Do You Dream of Spring?

Cusp is a funny a word. It comes from Latin, cuspis, which means point or apex. Are we at the apex of winter, the point when the season pivots toward light and heat? Here in New England, none of the points seem very sharp. The seasons bleed into one another. We are not, maybe, “on the cusp,” but rather in a kind of seasonal limbo, snow still on the ground, but the sun gaining on the darkness and heat starting to seep back into the earth.

I’ll be snow shoeing up a mountainside this morning, then skiing later in the day. I woke to birds singing and the brook behind the house freeing itself of ice. The dog yawned languidly, in no rush to meet the day.
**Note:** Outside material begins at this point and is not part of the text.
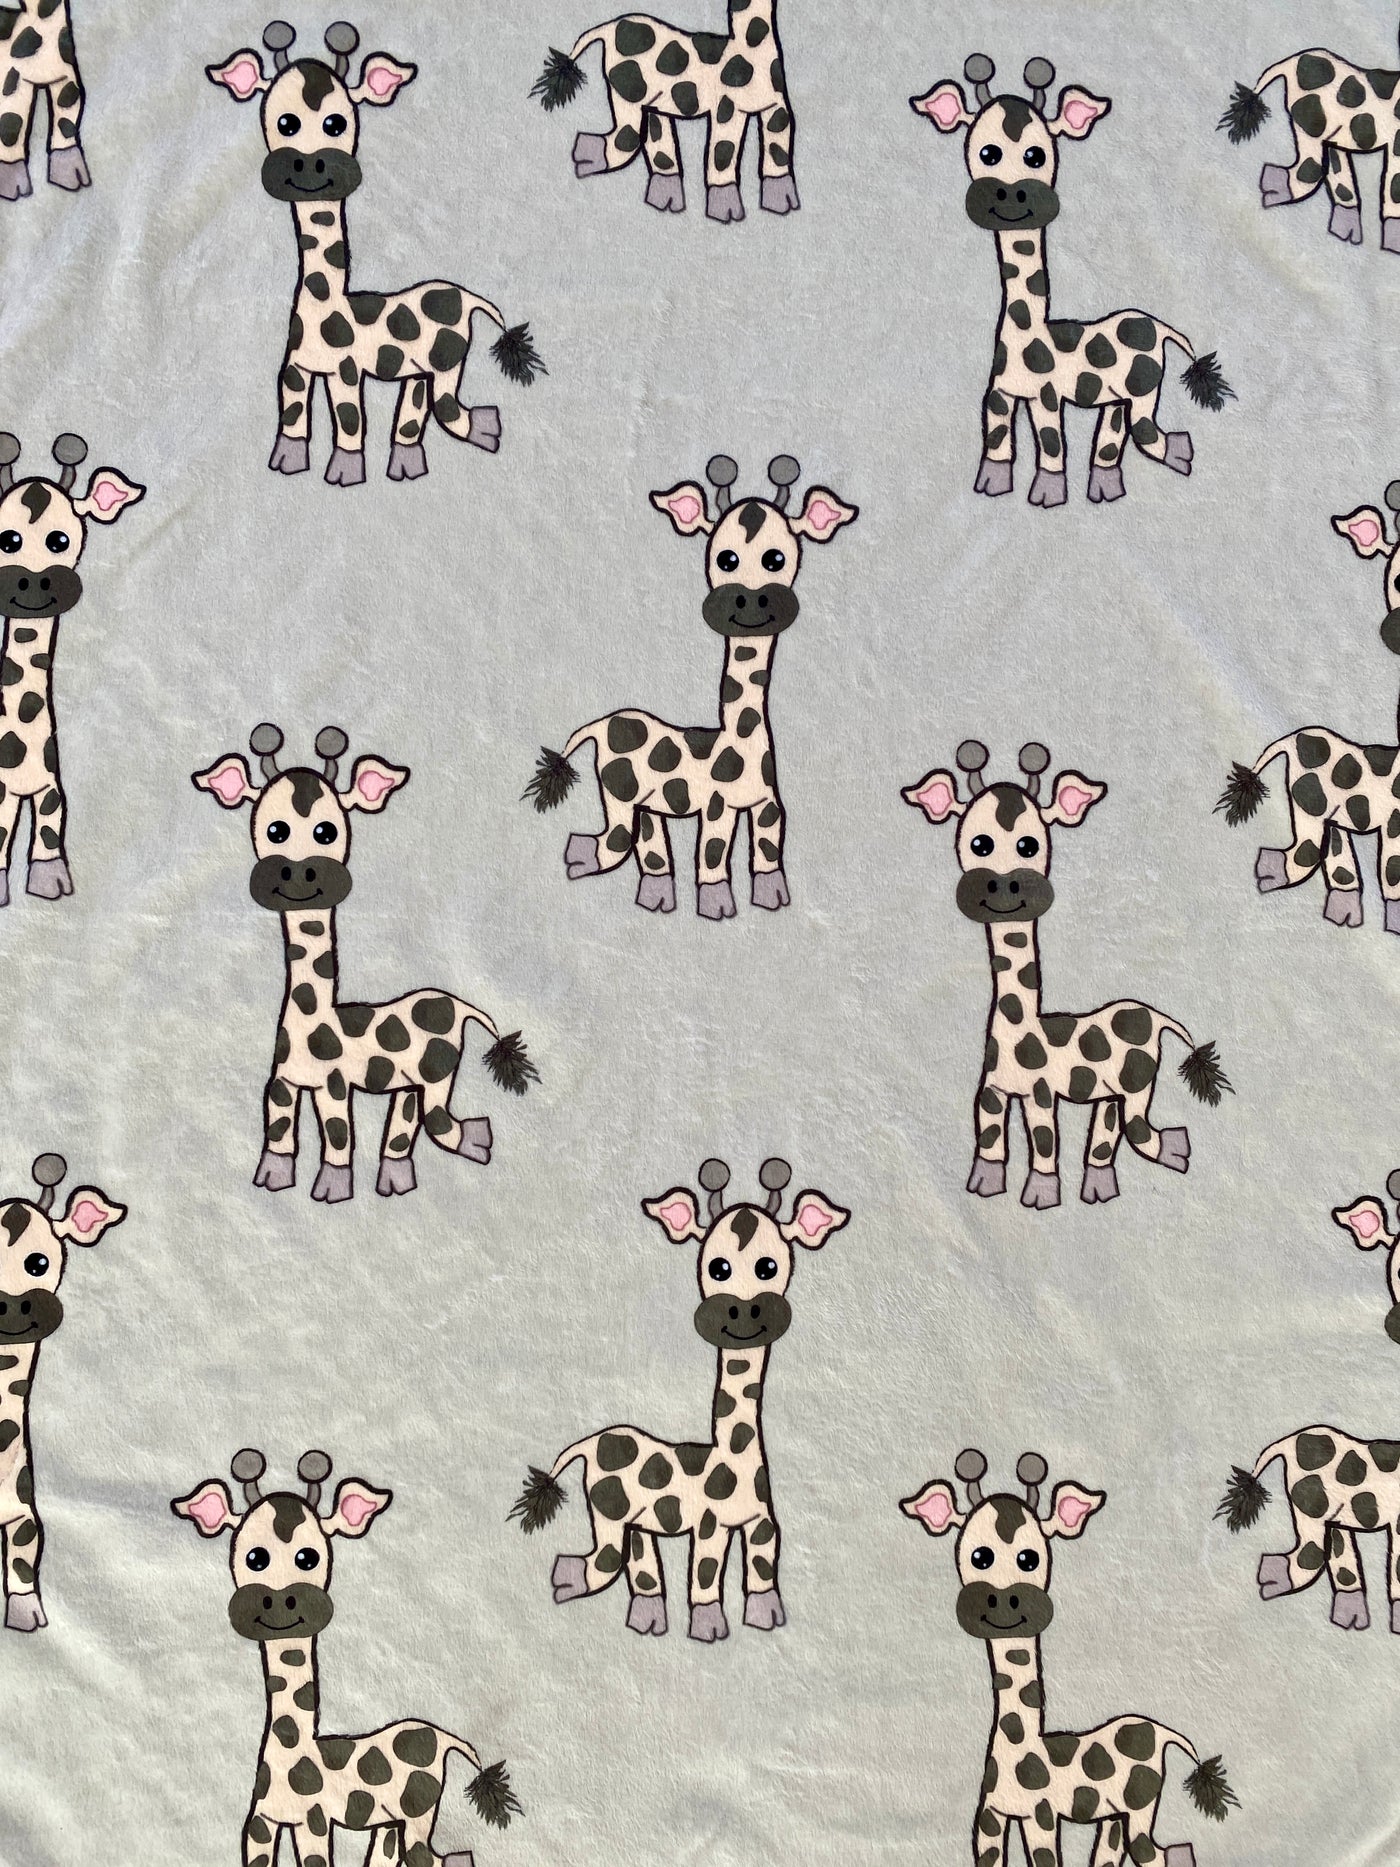 Giant Blanket: The Laughing Giraffes
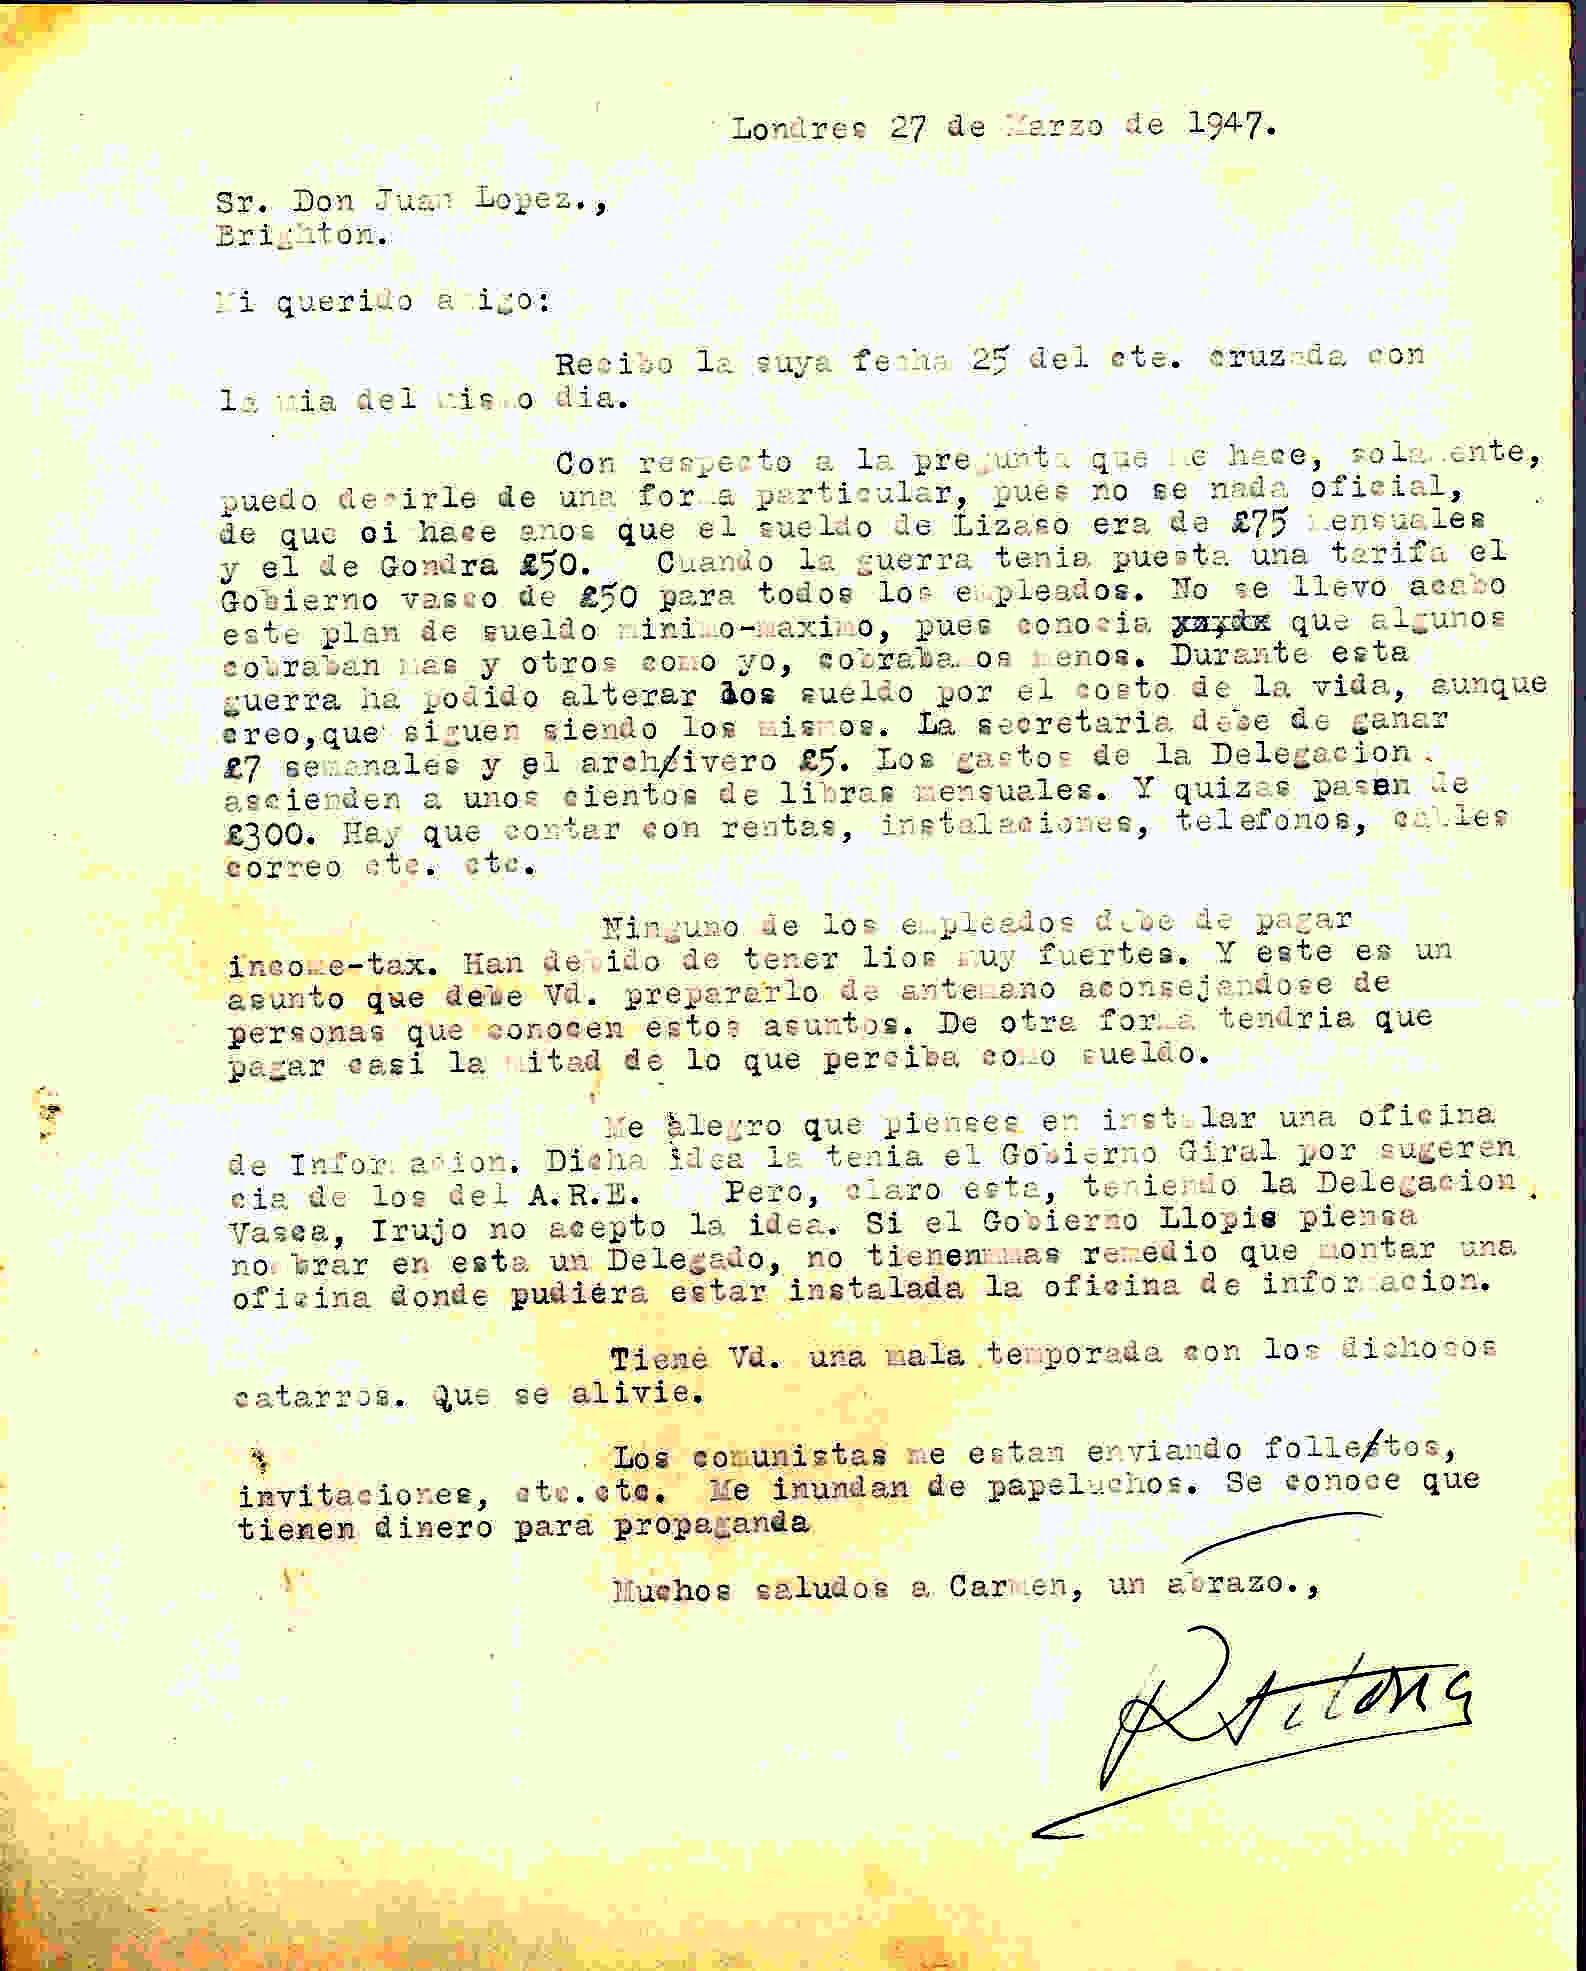 Carta de Roque Victoria en la informa de los sueldos del personal de la delegación del gobierno vasco de una forma particular, pues no es oficial.

I have everything I need today, and I’m fortunate to know it.

Still, I’m thinking about the trails free of snow in all their fast, runnable glory. I’m thinking about a mountain bike down a switchback, the banked curve, sandy loam beneath my wheels.

I try to push those thoughts away. The season is in front of me. The thermometer still says it’s cold. Am I wringing the last joy from winter or rushing toward the spring? Yeah. Probably. Both.

I think, for a trail runner, February is the hardest month, at least where I live. The snow melt cycle makes for variable footing. Footprints freeze overnight and leave a rutted mess. The road, when we give up and avail ourselves, pounds joints and puts the mind to sleep. March is mud season, but it offers hope. It gives just enough of itself for an ambitious trail runner to gain traction, hope. But February is hard.

Where are you, in that head of yours? Strapping on the spikes and heading out the door? Or pining for warm, dry days? Or like me, caught in between, maybe just glad to have choices on the cusp of spring?